04/11/2020 11h57 - Atualizado há 27 dias

Por muito tempo e em muitos lares, ainda que de forma insuficiente, a educação sexual para crianças se resumiu à “história da sementinha”: ao recorrerem a essa narrativa lúdica, que tenta explicar para meninos e meninas o sexo apenas da perspectiva da reprodução, dizendo que o papai havia colocado uma semente na barriga da mamãe e que é assim que os bebês são feitos, os tutores até poderiam acreditar que tinham feito a sua parte na formação dos rebentos – mesmo que, depois, suassem frio quando seus filhos faziam outras tantas perguntas que só reforçavam a sensação de que aquela fantasia não bastava. E, se pais e mães já se viam assombrados diante de dúvidas sobre o que era a “camisinha” que aquele comercial tantas vezes falava ser importante usar, hoje, questões ainda mais abrangentes são levantadas pelos pequenos, deixando os adultos até mesmo intimidados. 

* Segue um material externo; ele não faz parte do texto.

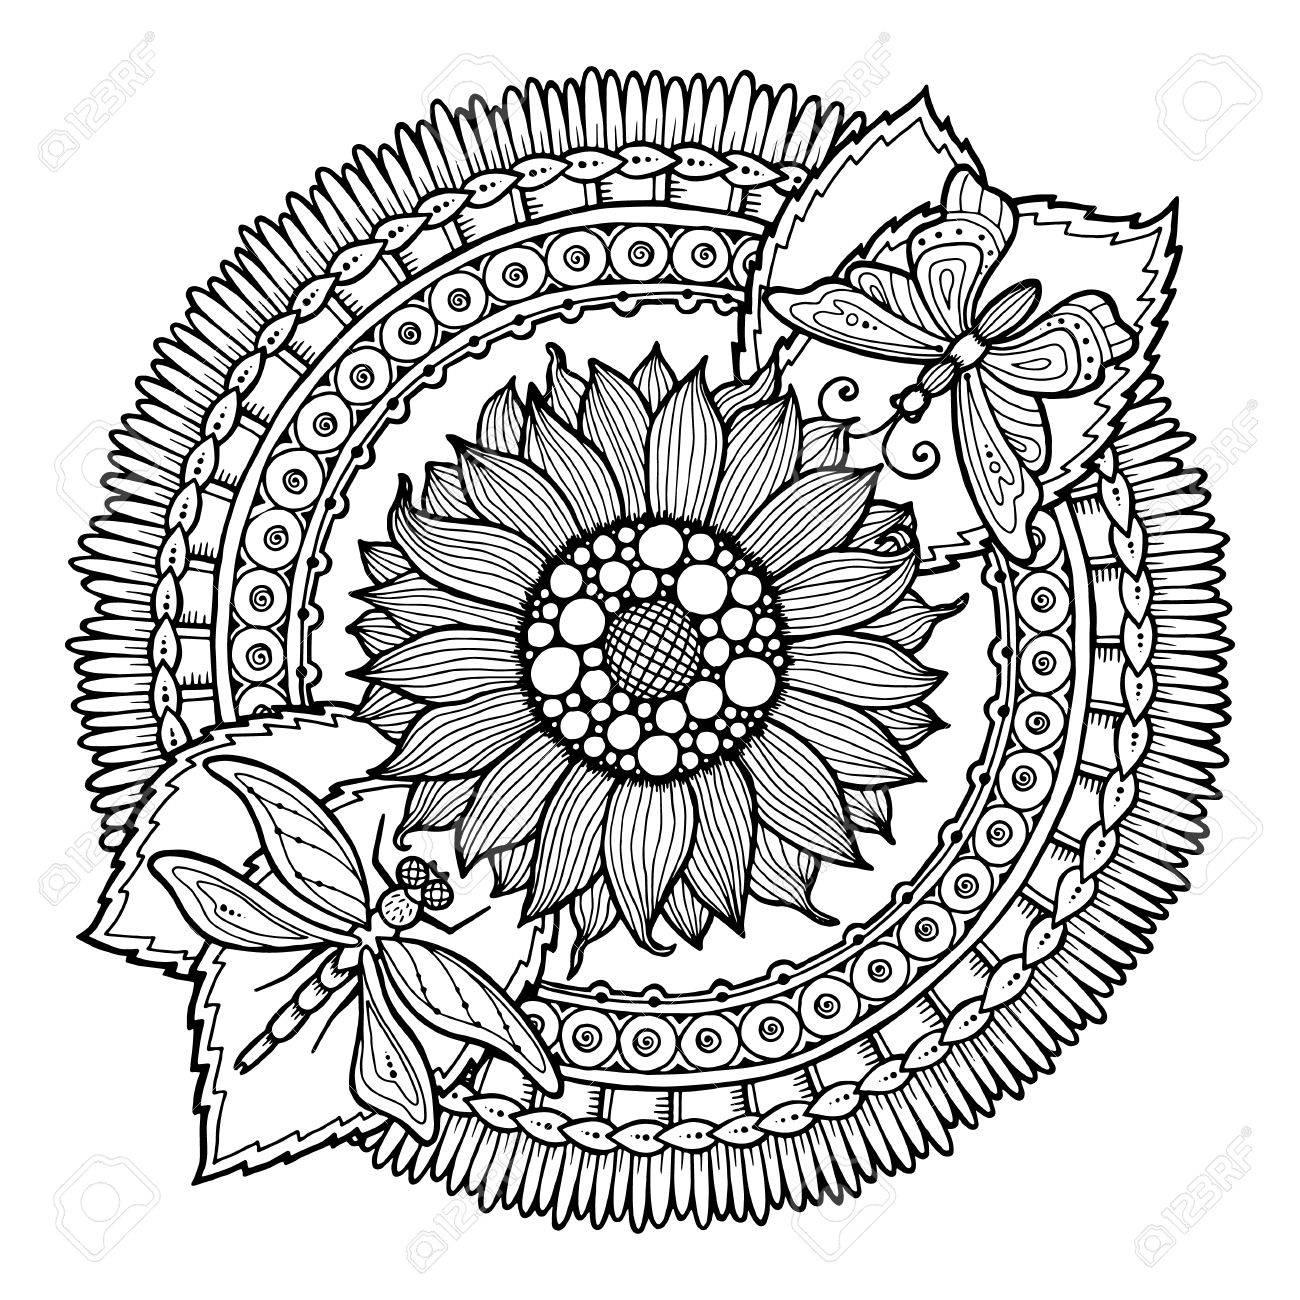 1300x1300 Circle Summer Doodle Flower Ornament. Hand Drawn Art Mandala

Expressão de gênero, orientação sexual e estereótipos de papéis sociais são algumas das matérias que têm deixado os pais embaraçados, sem saber como responder àquelas inquirições. Por um lado, afinal, acreditam que os assuntos são sofisticados demais e, por isso, seriam incompreensíveis para as crianças. Por outro, os próprios tutores, muitas vezes, não têm conhecimento suficiente para satisfazer a curiosidade dos pequenos. 

 

Crianças e jovens valorizam informações sobre sexualidade de emissores tradicionais, como a família, mas, ao mesmo tempo, são estes os que menos falam sobre o assunto e, por isso, recorrem a seus pares e à internet, aponta pesquisador uruguaioFoto: Pixabay

Em março deste ano, a bióloga Patrícia Calil passou por um episódio assim. Ela estava em um shopping com o filho, que tem 11 anos. Ao ver uma mulher transexual, o menino perguntou se ela era “um homem vestido de mulher” e depois quis saber como deveria se referir àquela pessoa de forma respeitosa. A mãe se viu surpreendida e sem uma resposta satisfatória. Mais tarde, ela recorreu, por meio das redes sociais, à pedagoga Ana Flor, que se identifica como travesti e que se propõe a pensar em outras formas de educação, política e gênero. “Me ajuda a ensinar direito?”, pediu. “Se quem estava no shopping era uma mulher trans, você pode falar para ele que ela é uma mulher trans. Que nós, mulheres, somos diferentes umas das outras. Toda mulher trans e travesti deve ser tratada no feminino”, explicou a estudiosa.

A experiência de Patrícia, que buscou ajuda para conduzir, da melhor maneira, a conversa com seu filho, parece um bom modelo de como pais podem proceder diante de uma pergunta para a qual não têm uma explicação satisfatória. “É saudável para adultos e crianças a busca conjunta dessas respostas. Costumamos partir do pressuposto de que adultos devem responder a todos os questionamentos. A nossa ideia de comunicação com as crianças se pauta nisso, em sermos um farol e tirarmos todas as dúvidas delas. Mas, na verdade, podemos descobrir o mundo juntos. Eu penso que, nessa perspectiva do diálogo, o adulto tem possibilidade de aprender junto com a criança, tornando-se também cada vez melhor do ponto de vista do respeito”, assinala Sandro Vinicius Sales dos Santos, especialista em docência na educação infantil e pedagogo.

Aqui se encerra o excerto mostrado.